Additionally, a single hashref of attributes for the container/parent segment may be included as an argument to the constructor (anywhere in the argument list). See the "SEGMENT ATTRIBUTES" section for a description of attributes available for both parent and child segments.
Accepted segment types are as follows:
- Piper object
-
Creates a sub-container of pipeline segments. There is no (explicit) limit to the number of nested containers a pipeline may contain.
- Piper::Process object
-
See the "PROCESS HANDLER" section for a description of Piper::Process objects.
- A coderef (which will be coerced into a Piper::Process object).
- A hashref that can be coerced into a Piper::Process object.
-
In order to be considered a candidate for coercion, the hashref must contain (at a minimum) the 'handler' key.
- Piper::Instance object
-
In this case, the associated Piper or Piper::Process object is extracted from the Piper::Instance object for use in the new pipeline segment.
See "INITIALIZATION" for a description of Piper::Instance objects.
- A
$label => $segment
pair -
For such pairs, the
$segment
can be any of the above segment types, and$label
is a simple scalar which will be used as$segment
's label.If the
$segment
already has a label,$label
will override it.
Constructor Example
my $pipe = Piper->new(
\%main_opts,
subpipe_label => Piper->new(
first_handler => Piper::Process->new(sub { ... }),
second_handler => sub { ... },
third_handler => {
handler => sub { ... },
},
another_subpipe => Piper->new(...),
\%subpipe_opts,
),
Piper::Process->new({
label => 'another_handler',
handler => sub { ... },
}),
sub {
# An un-labeled handler
...
},
{
label => 'final_handler',
handler => sub { ... },
},
);
INITIALIZATION
Piper segments were designed to be easily reusable. Prior to initialization, Piper and Piper::Process objects do not process data; they simply contain the blueprint for creating the pipeline. As such, blueprints for commonly-used pipeline segments can be stored in package libraries and imported wherever needed.
To create a functioning pipeline from one such blueprint, simply call the init
method on the outermost segment. The init
method returns a Piper::Instance object of the outermost segment, which is the realization of the pipeline design, and which contains Piper::Instance objects created from all its contained segments.

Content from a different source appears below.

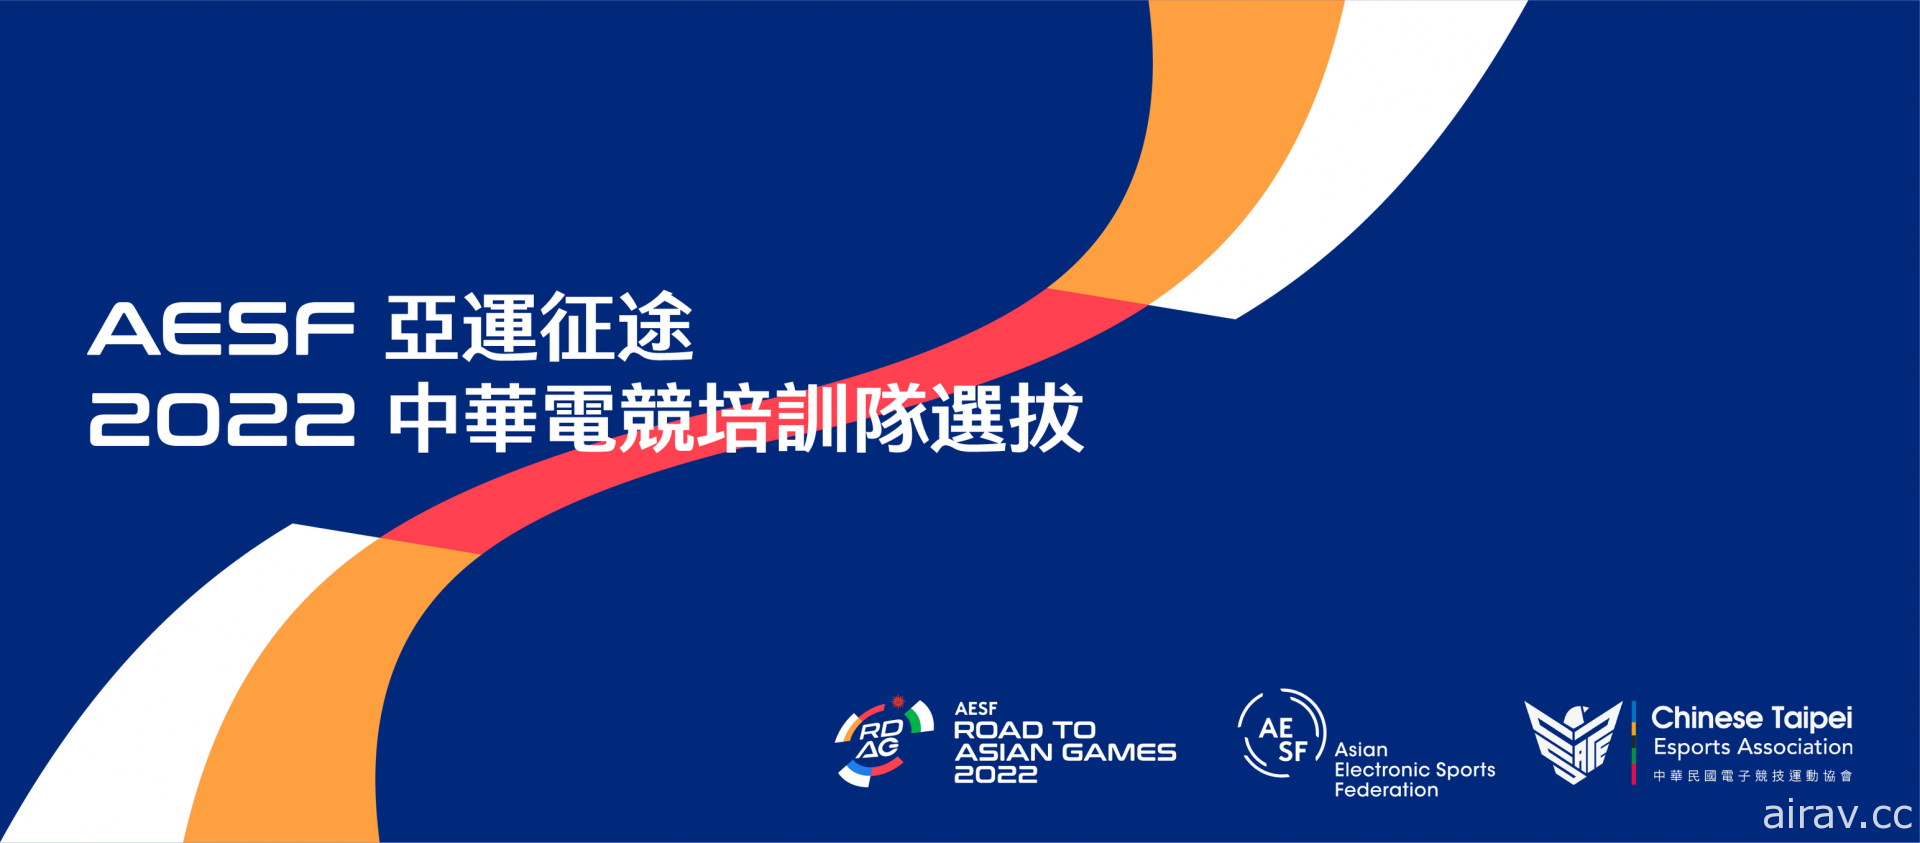 中國央視報導 2022 杭州亞運將延期舉辦 具體日期未定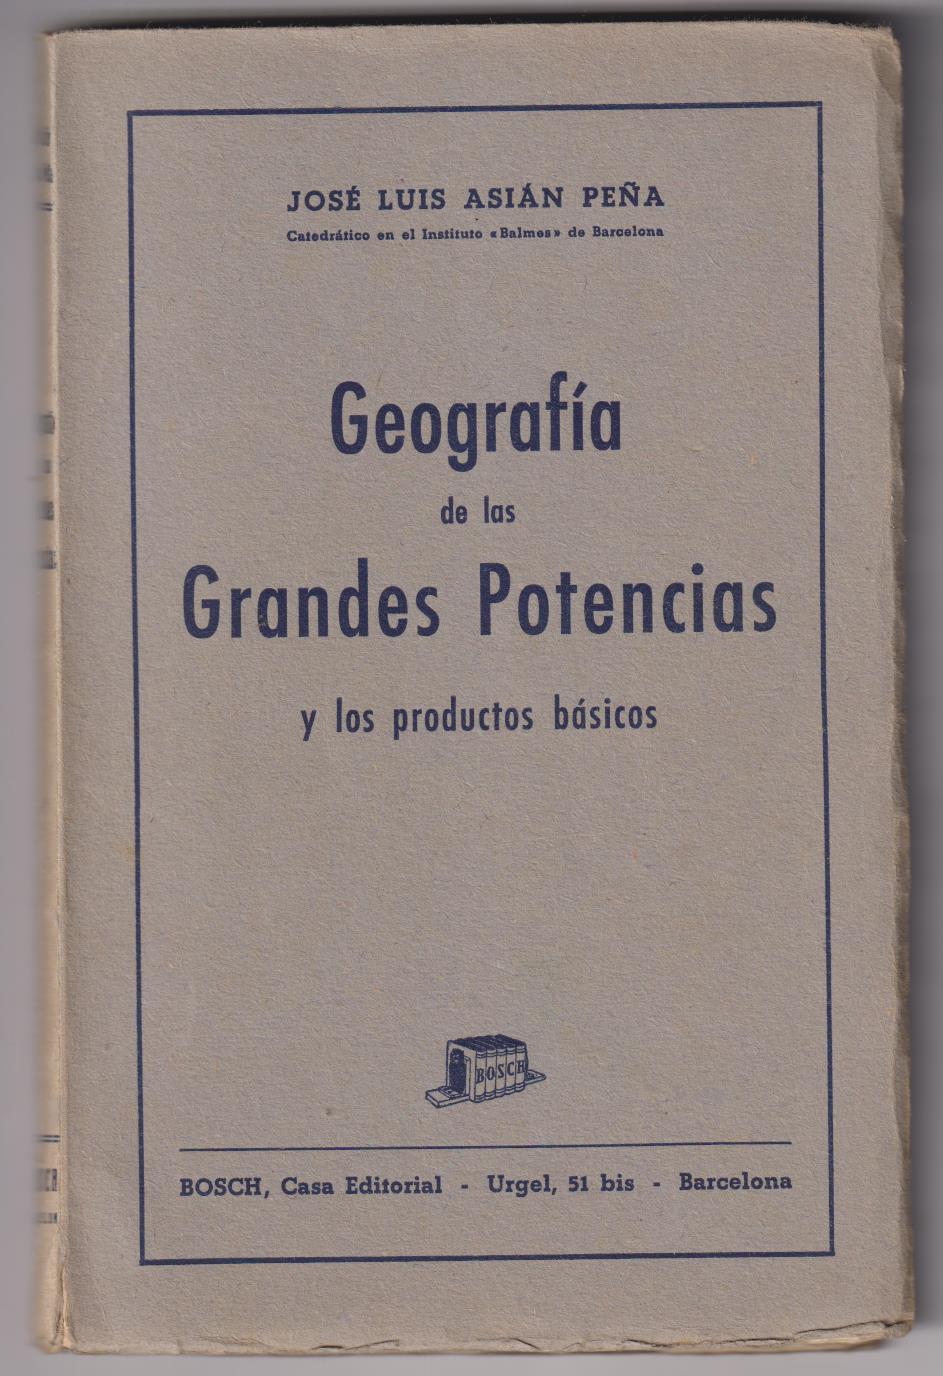 Geografía de Las Grandes Potencias. José Luis Asián Peña. Editorial Bosch 1947

Initialization fuses the pipeline segments together, establishes the relationships between the segments, and initializes the dataflow infrastructure.
The init
method may be chained from the constructor if the blueprint object is not needed:
my $instance = Piper->new(...)->init;
Any arguments passed to the init
method will be cached and made available to each handler in the pipeline (see the "PROCESS HANDLER" section for full description of handlers). This is a great way to share a resource (such as a database handle) among process handlers.
my $pipe = Piper->new(
query => sub {
my ($instance, $batch, $dbh) = @_;
$instance->emit(
$dbh->do_query(@$batch)
);
},
...
);
my $instance = $pipe->init($dbh);
Instances are ready to accept data for processing:
$instance->enqueue(@data);
while ($instance->isnt_exhausted) {
my $result = $instance->dequeue;
}
PROCESS HANDLER
Piper::Process objects have the same "SEGMENT ATTRIBUTES" as Piper objects, but have an additional required attribute known as its handler
.
A process handler
is the data-processing subroutine for the segment.
In its simplest form, the process handler takes input from the previous pipeline segment, processes it, and passes it on to the next segment; but handlers also have built-in support for non-linear and recursive dataflow (see "FLOW CONTROL").
The arguments provided to the handler
subroutine are:
$instance
-
The instance (a Piper::Instance object) corresponding to the segment.
$batch
-
An arrayref of data items to process.
@args
-
Any arguments provided to the
init
method during the "INITIALIZATION" of the pipeline.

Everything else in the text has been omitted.